• _What this task involves_: The lines needed run from the one that contains "Taste with confidence, the 𝟓𝟎 𝐒𝐡" through the end of the material below, both included; write them out exactly, with no pictures.

• _Recorded information_:

***

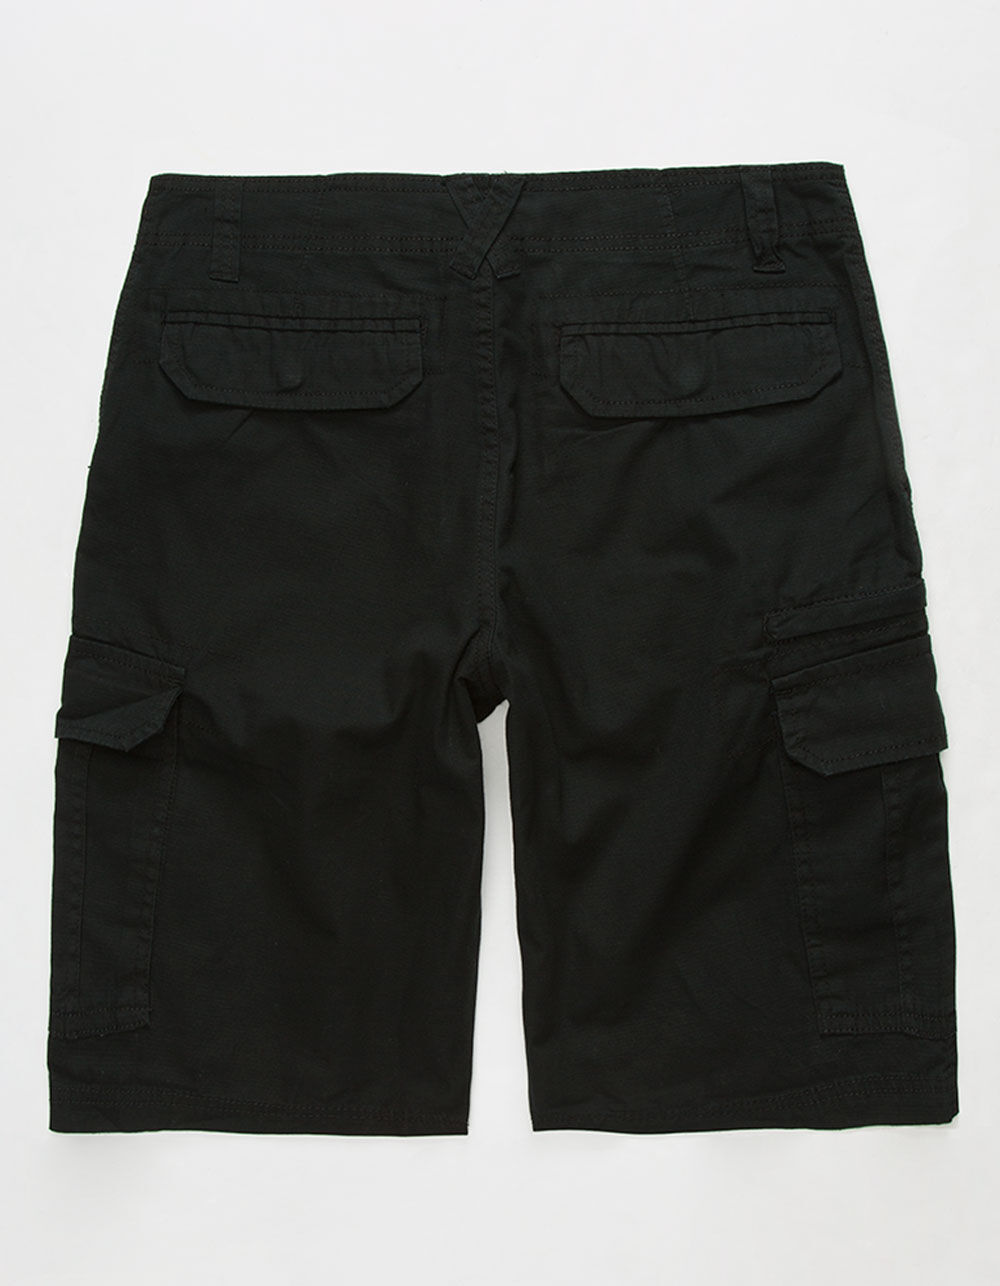 SUBCULTURE Textured Mens Cargo Shorts
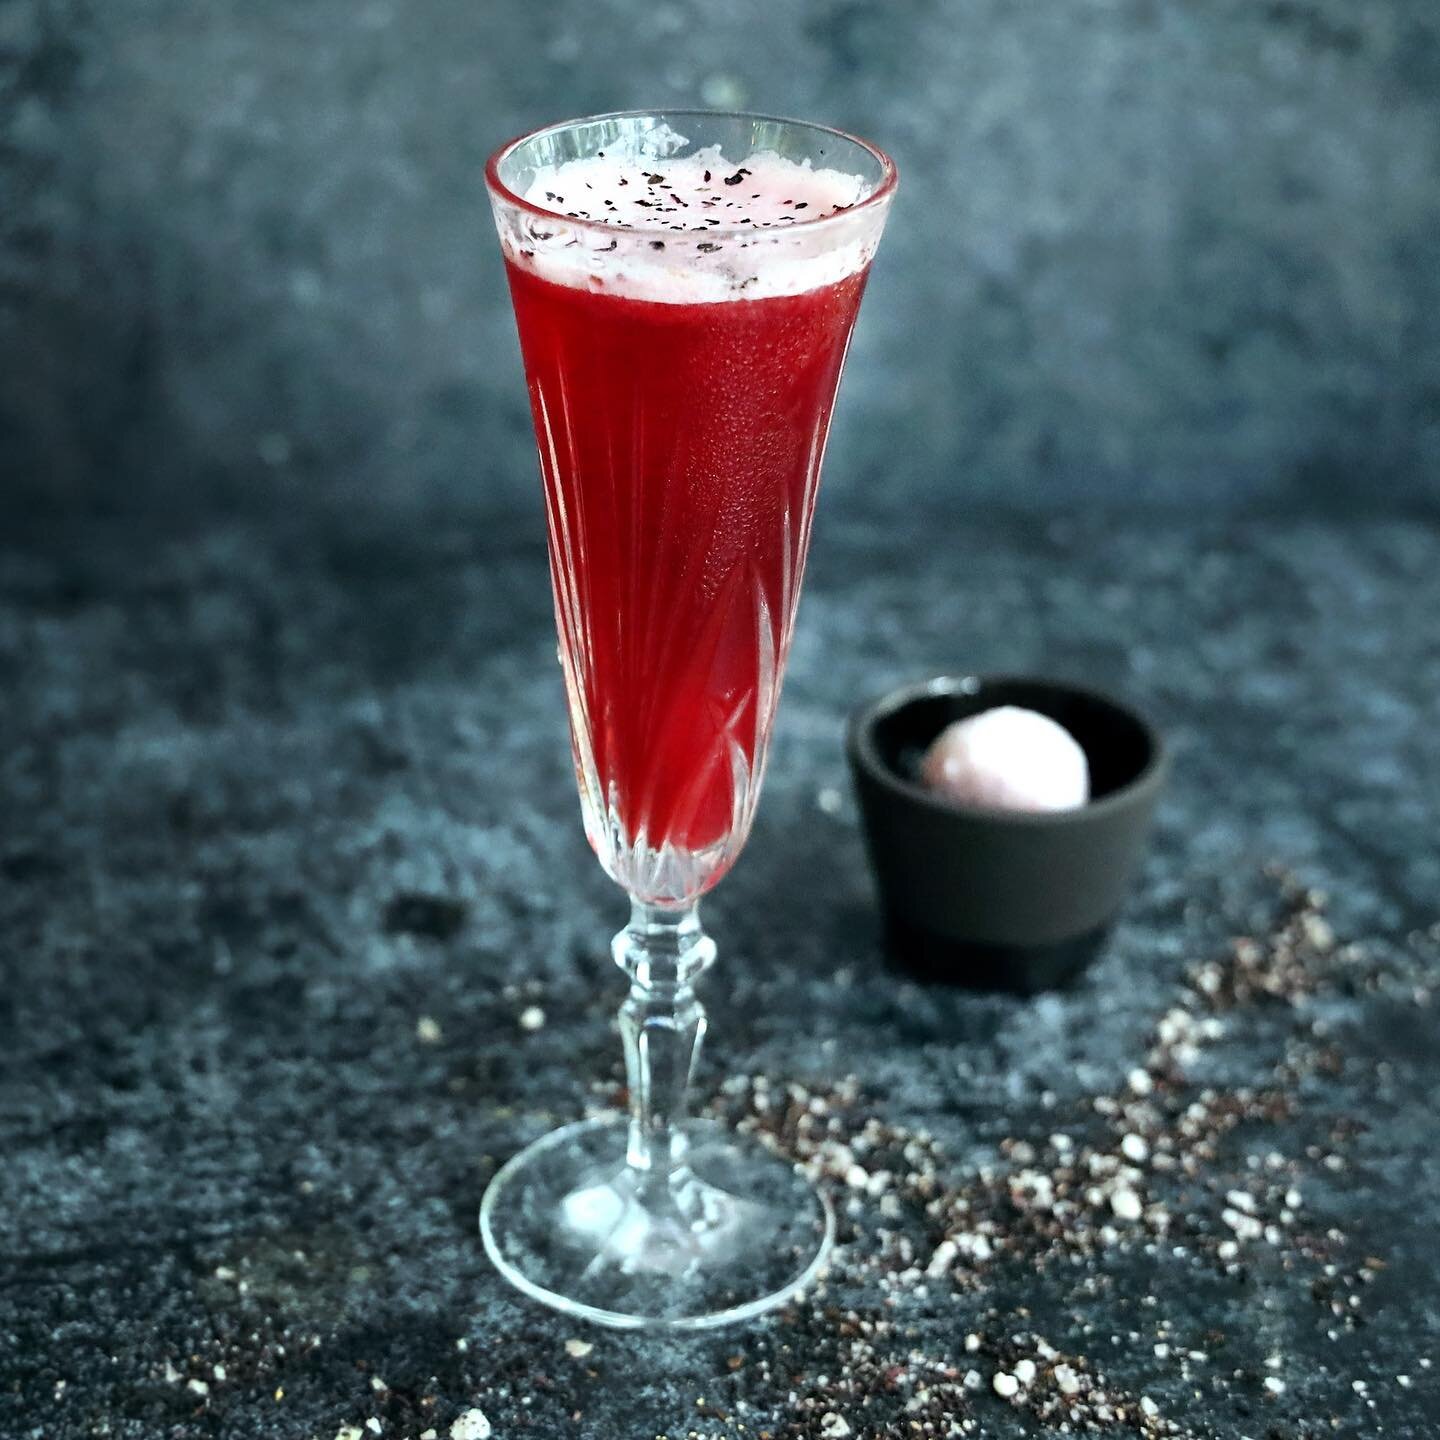 A creation combined with ingredients of different tones of red, including Kyr&ouml; Pink Gin, Strawberry Syrup and Cabernet Sauvignon. A colour associated with various meanings such as love, passion and strength.

Taste with confidence, the 𝟓𝟎 𝐒𝐡
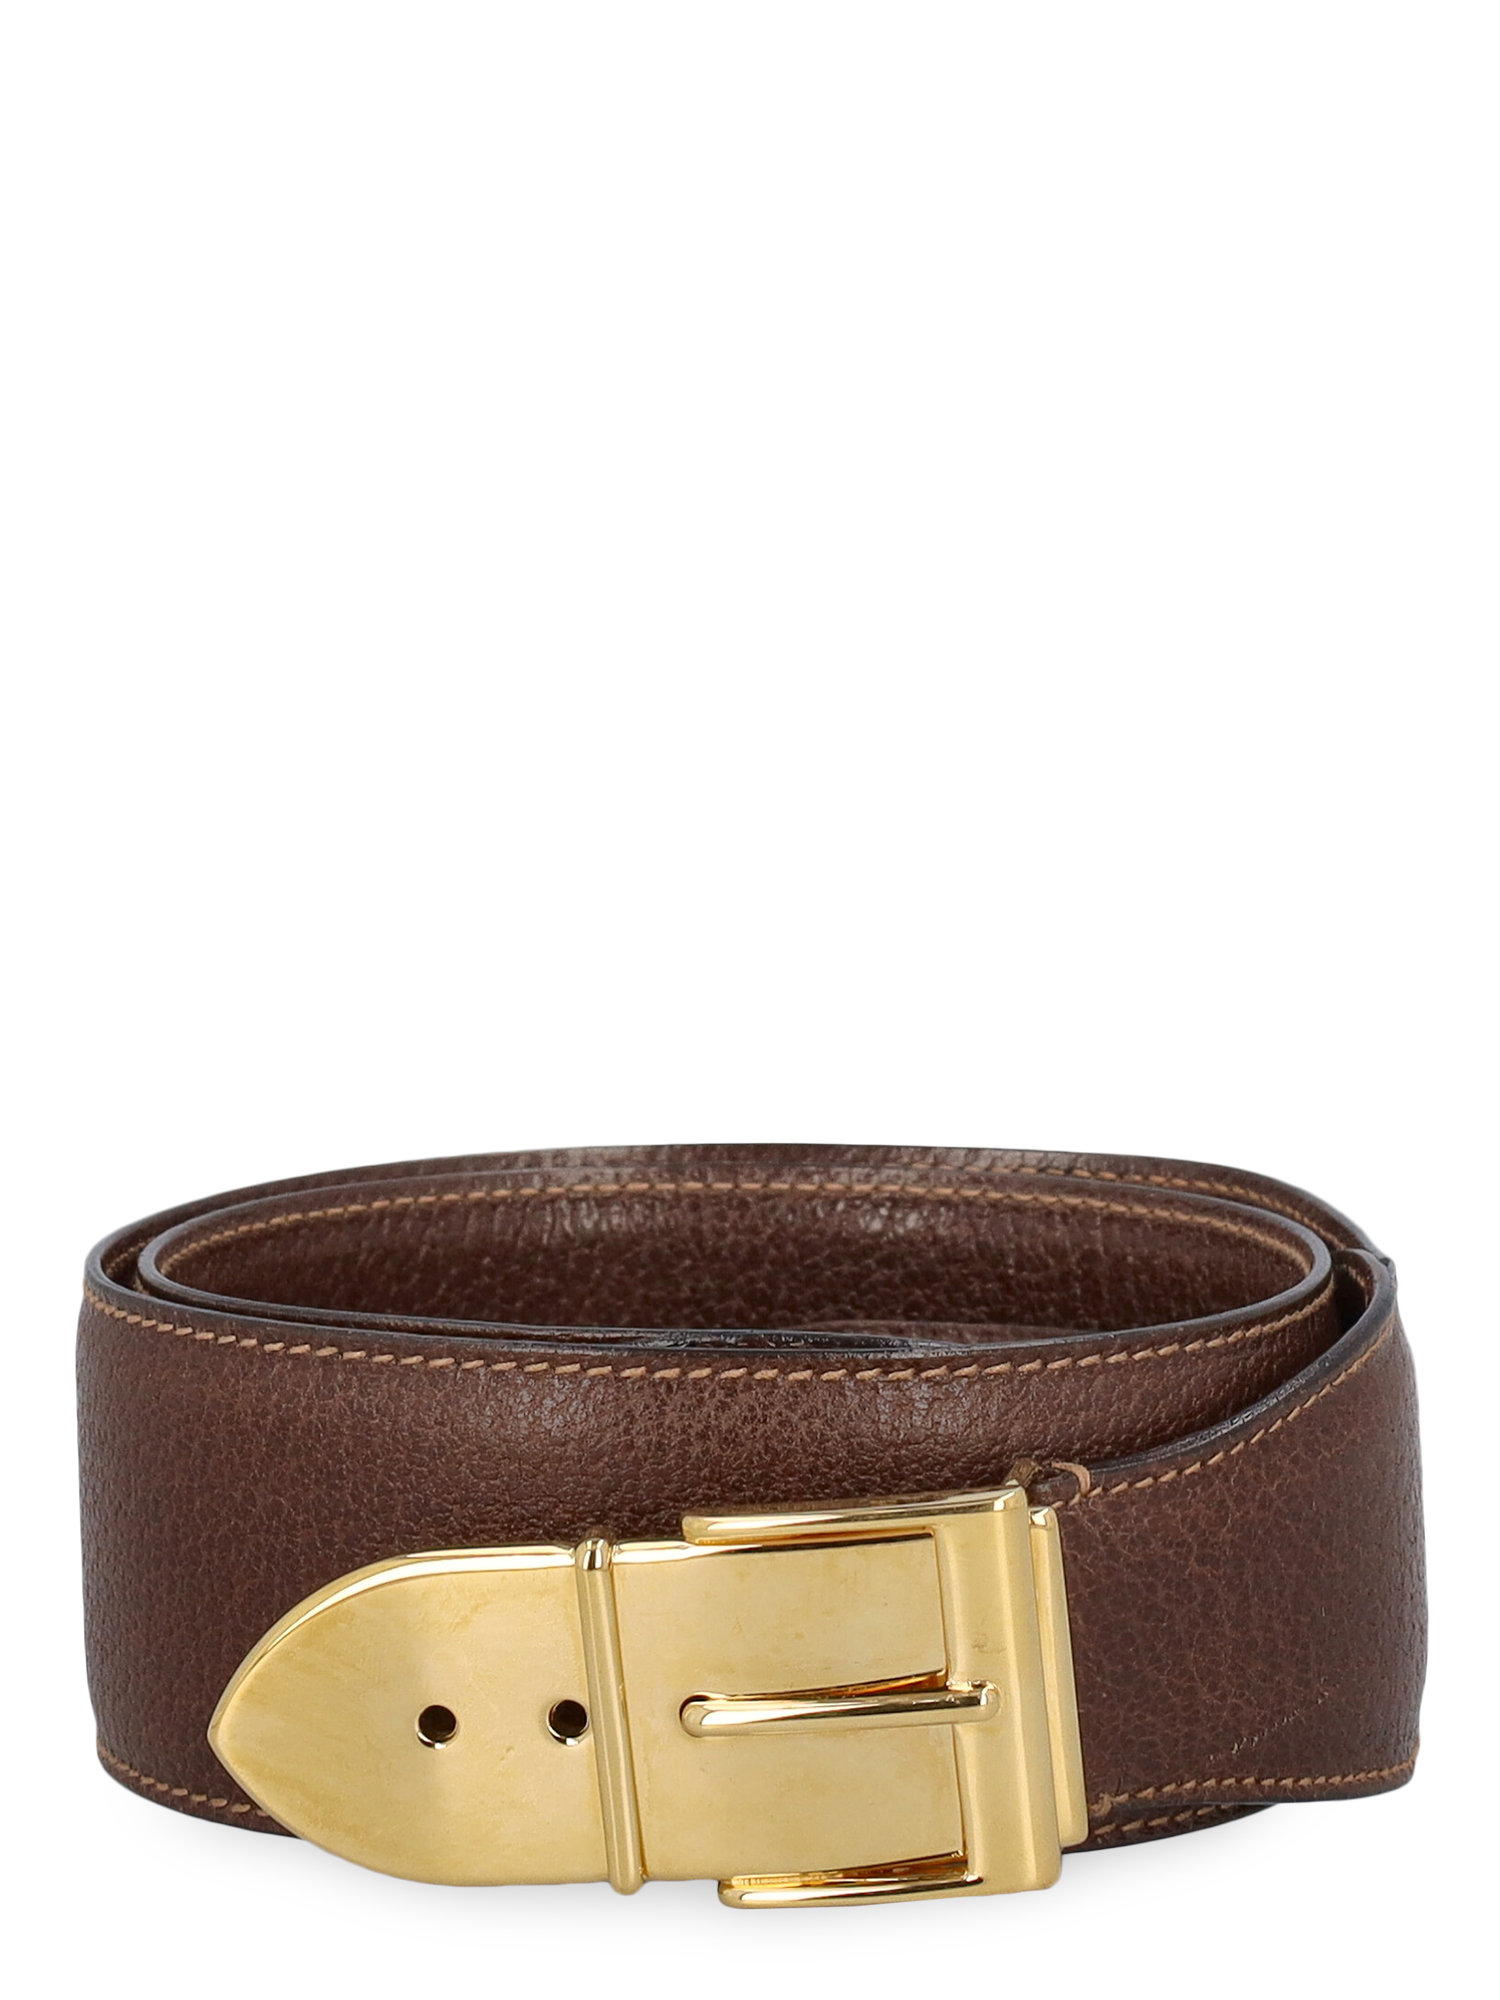 Pre-owned Gucci Women's Belts -  - In Brown Leather

***

• _Response to this task_:
Taste with confidence, the 𝟓𝟎 𝐒𝐡
 Pre-owned Gucci Women's Belts -  - In Brown Leather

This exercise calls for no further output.